TASK DESCRIPTION = Wherever a picture appears, skip it and retype the rest of the data exactly.

(GIVEN MATERIAL)

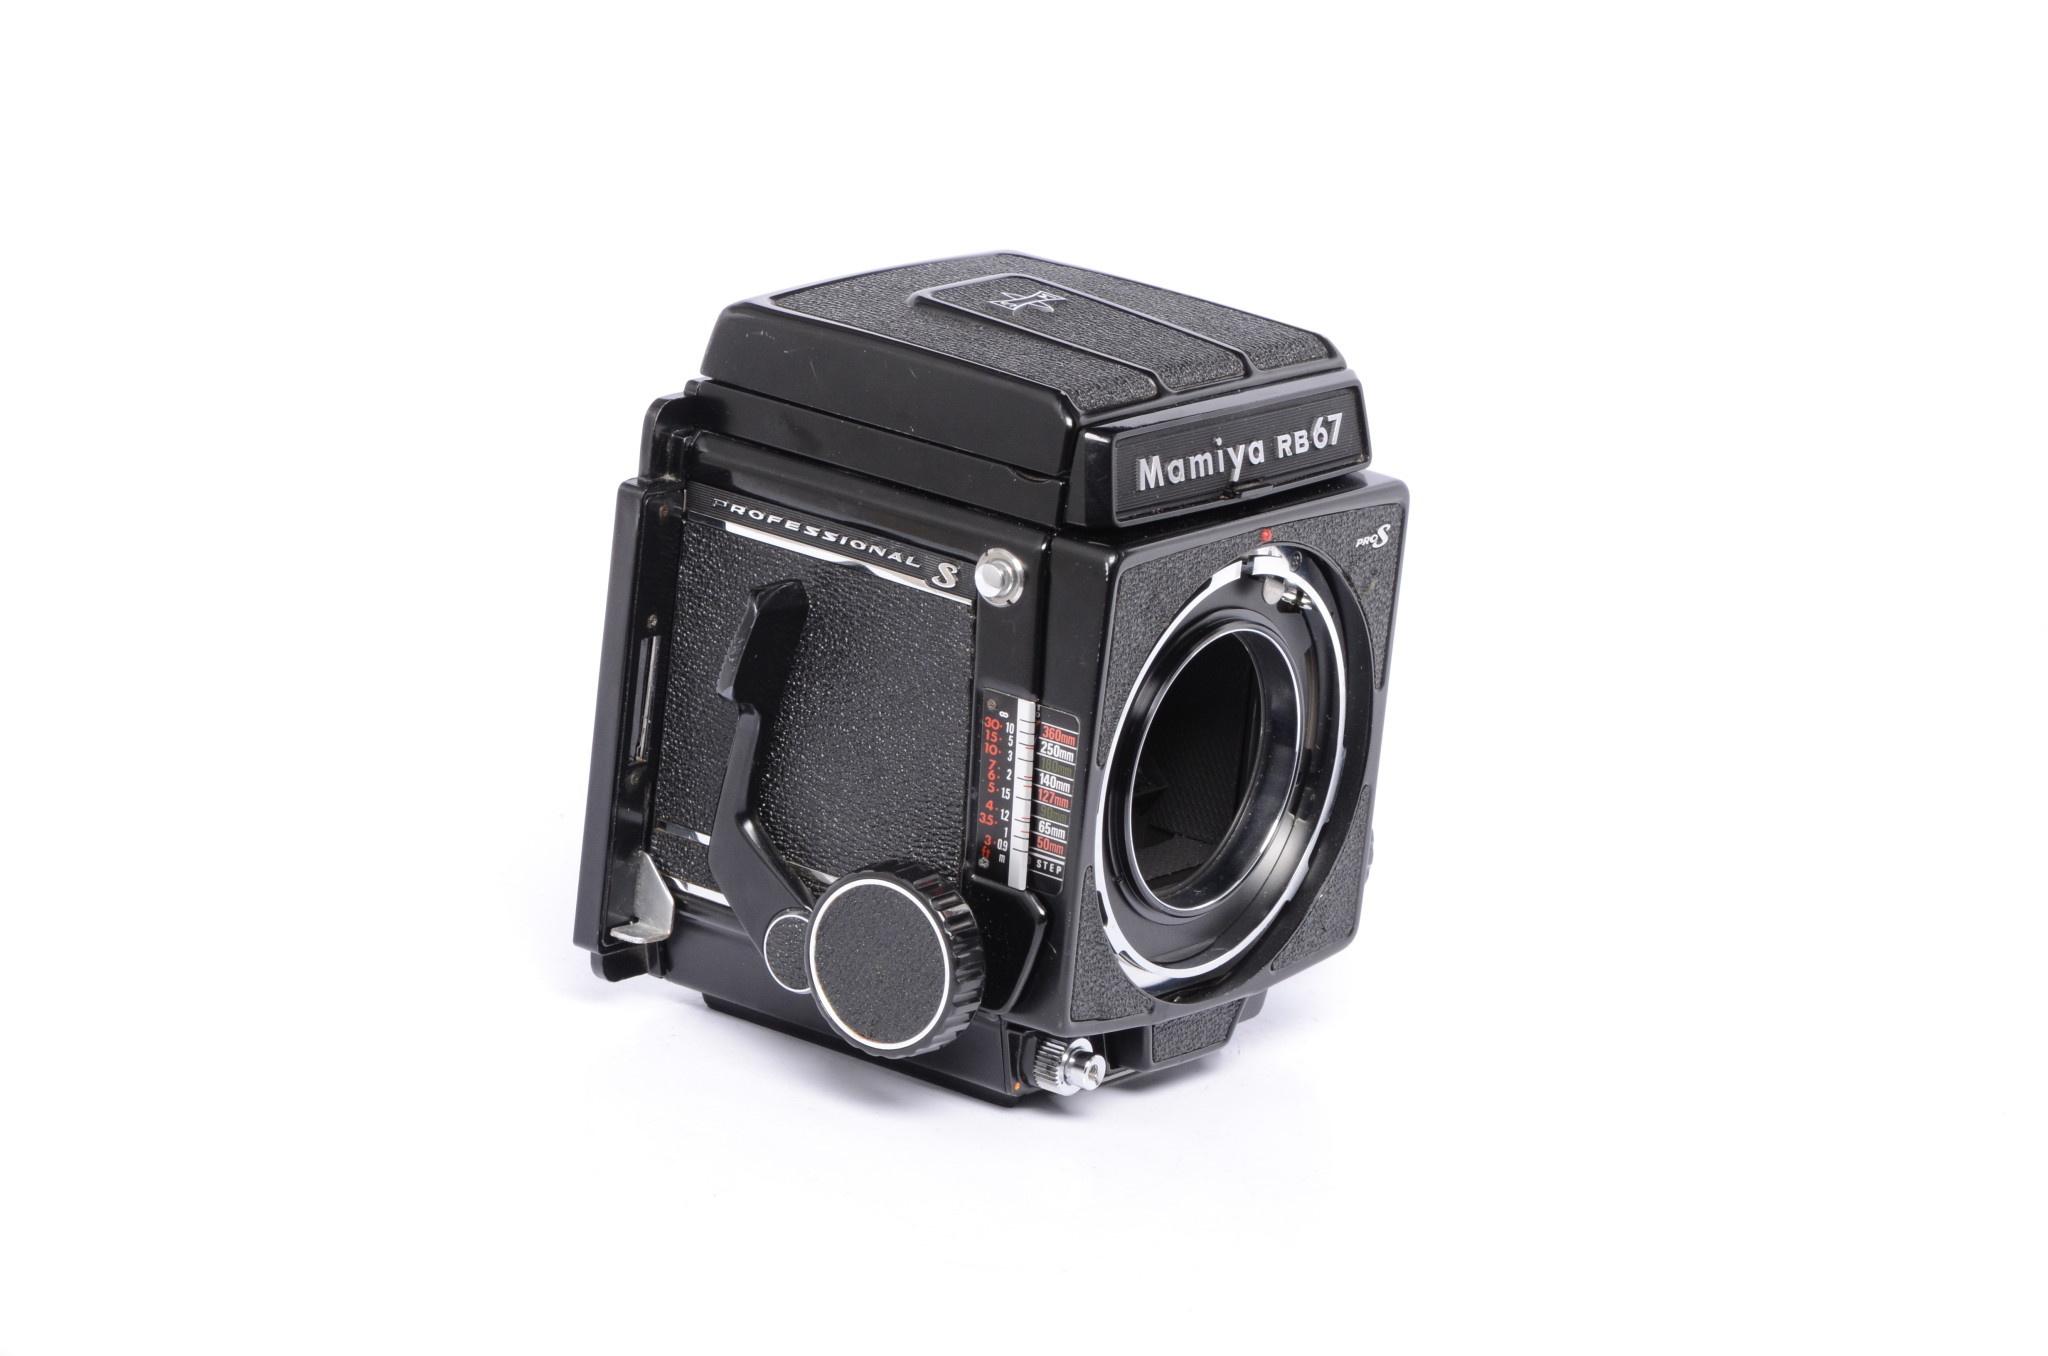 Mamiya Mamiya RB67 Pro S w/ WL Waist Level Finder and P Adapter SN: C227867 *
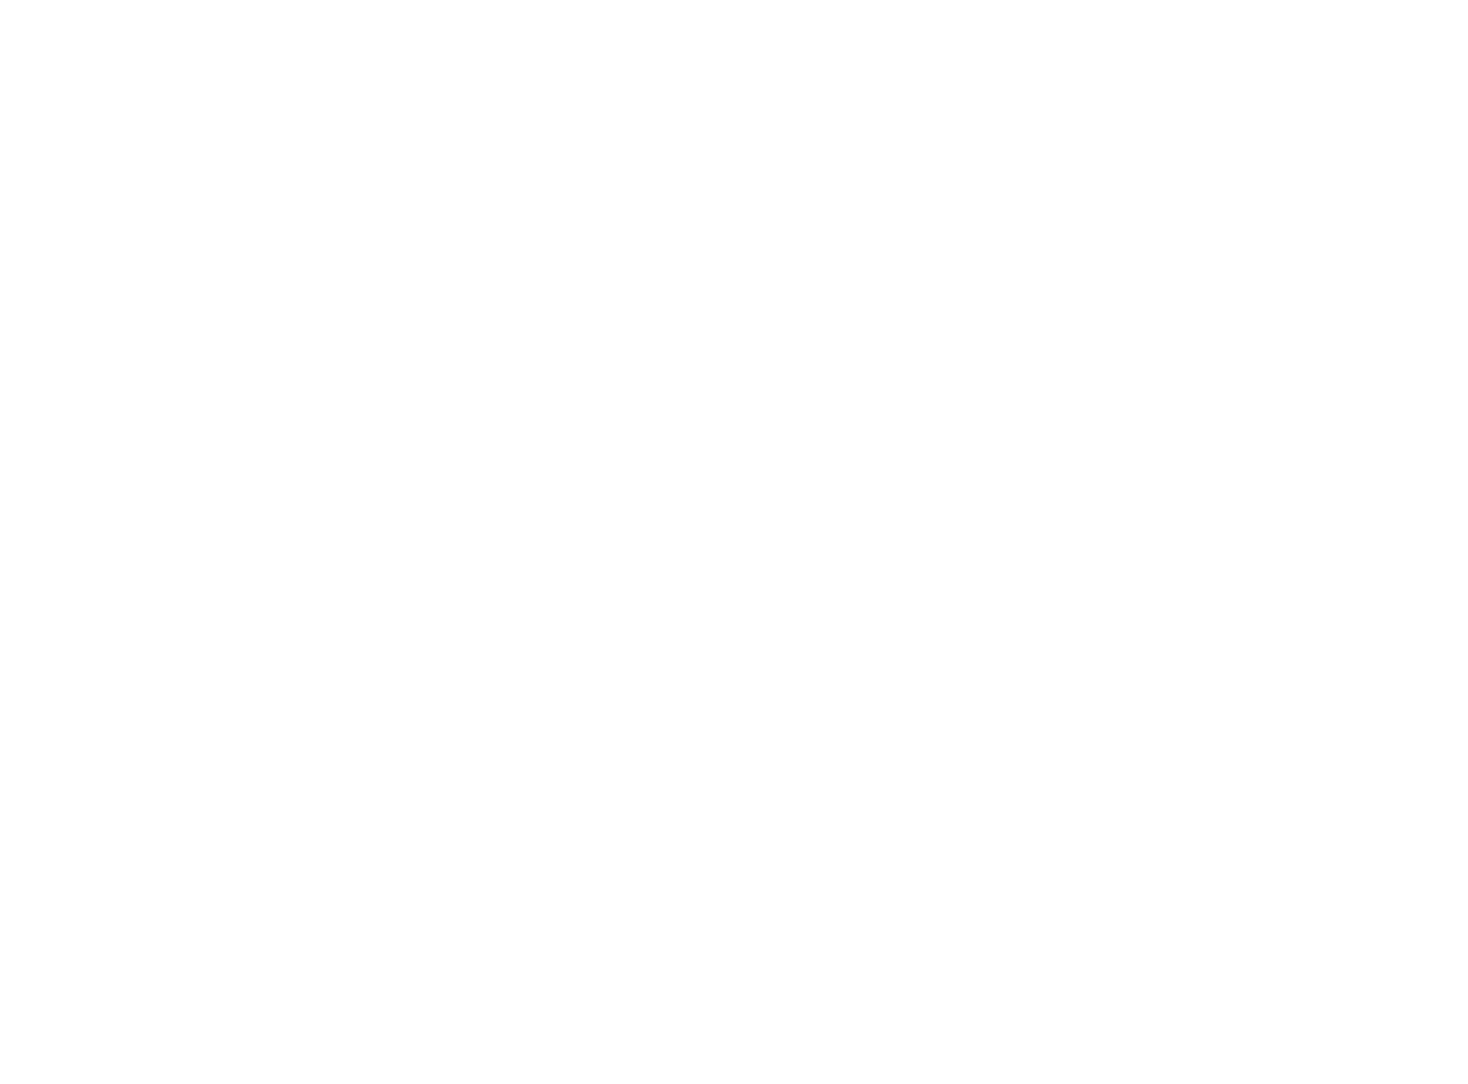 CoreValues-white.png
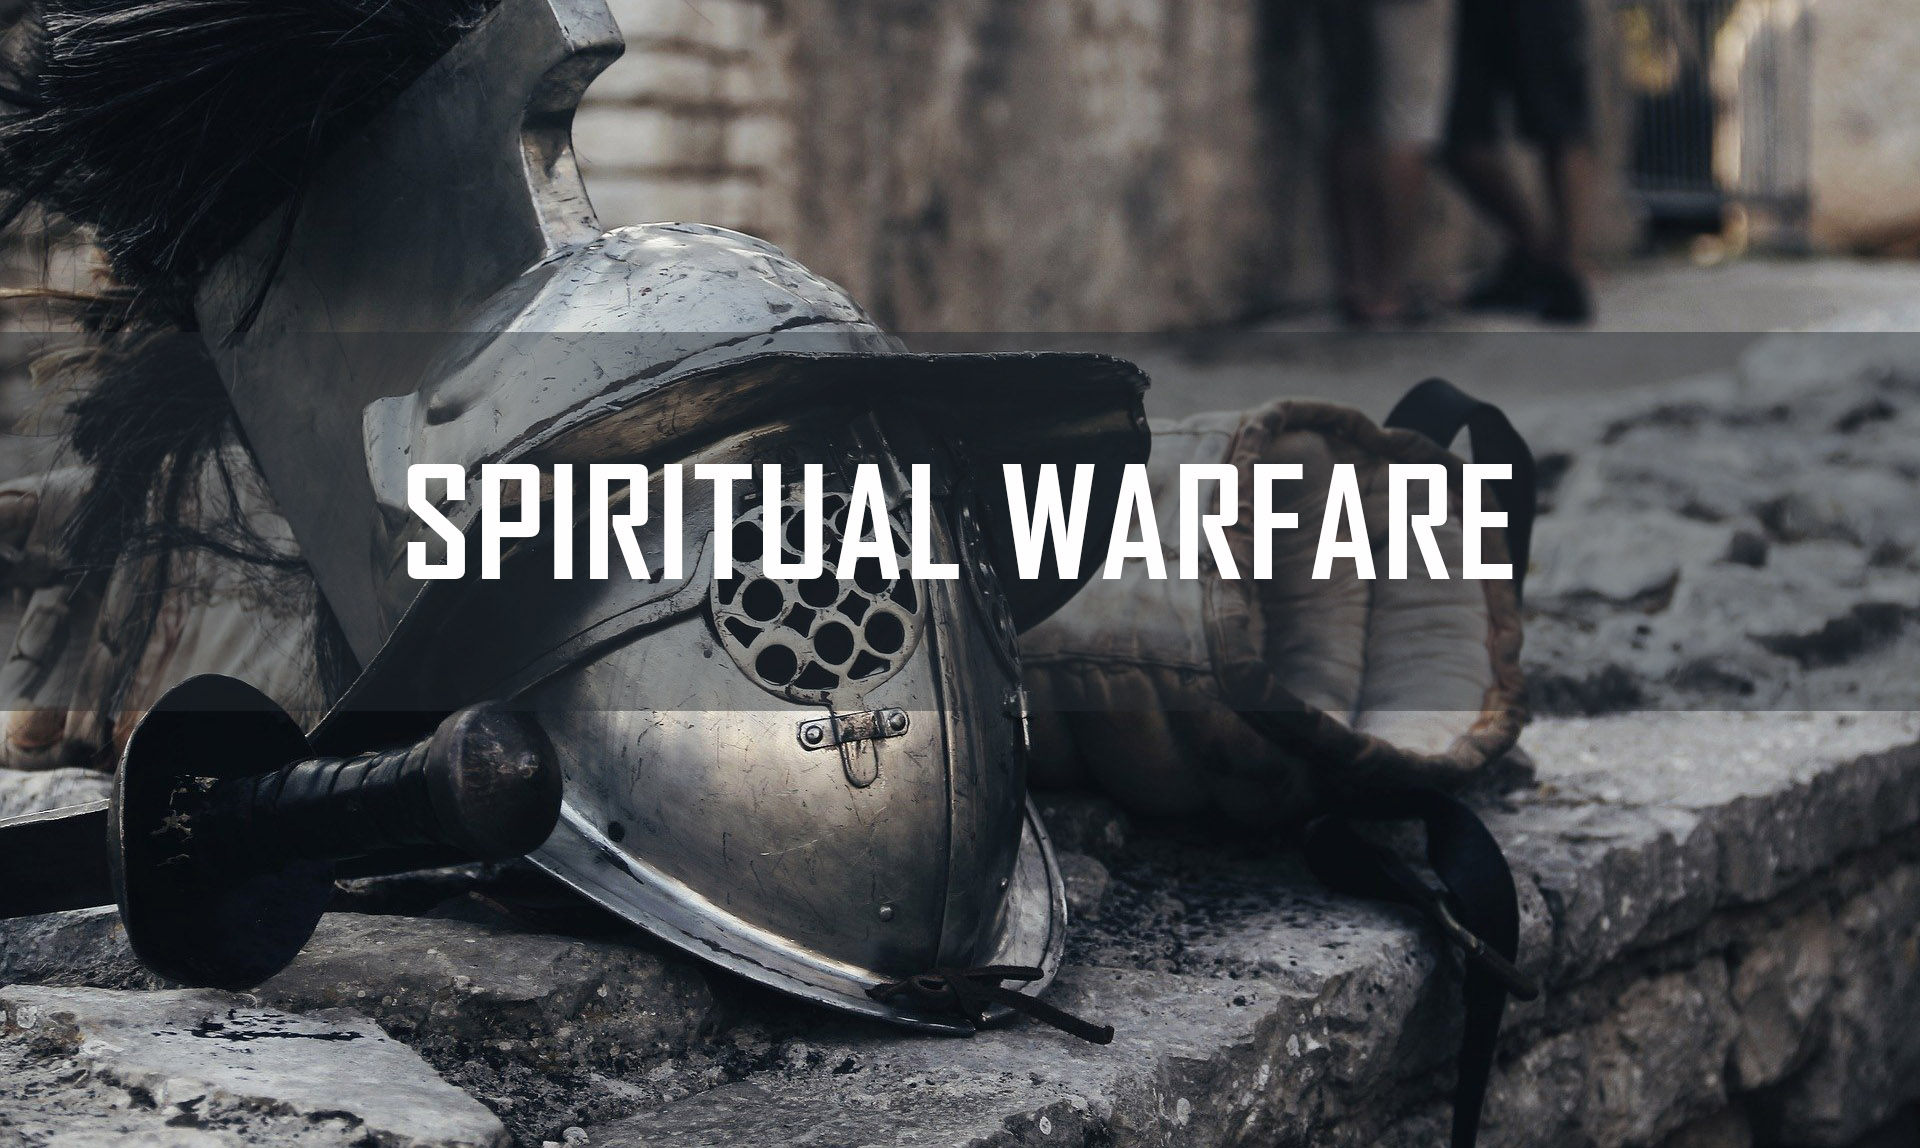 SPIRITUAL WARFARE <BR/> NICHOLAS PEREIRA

(End GIVEN MATERIAL)

RESPONSE TO THE EXERCISE =
 Mamiya Mamiya RB67 Pro S w/ WL Waist Level Finder and P Adapter SN: C227867 *
 CoreValues-white.png
 SPIRITUAL WARFARE <BR/> NICHOLAS PEREIRA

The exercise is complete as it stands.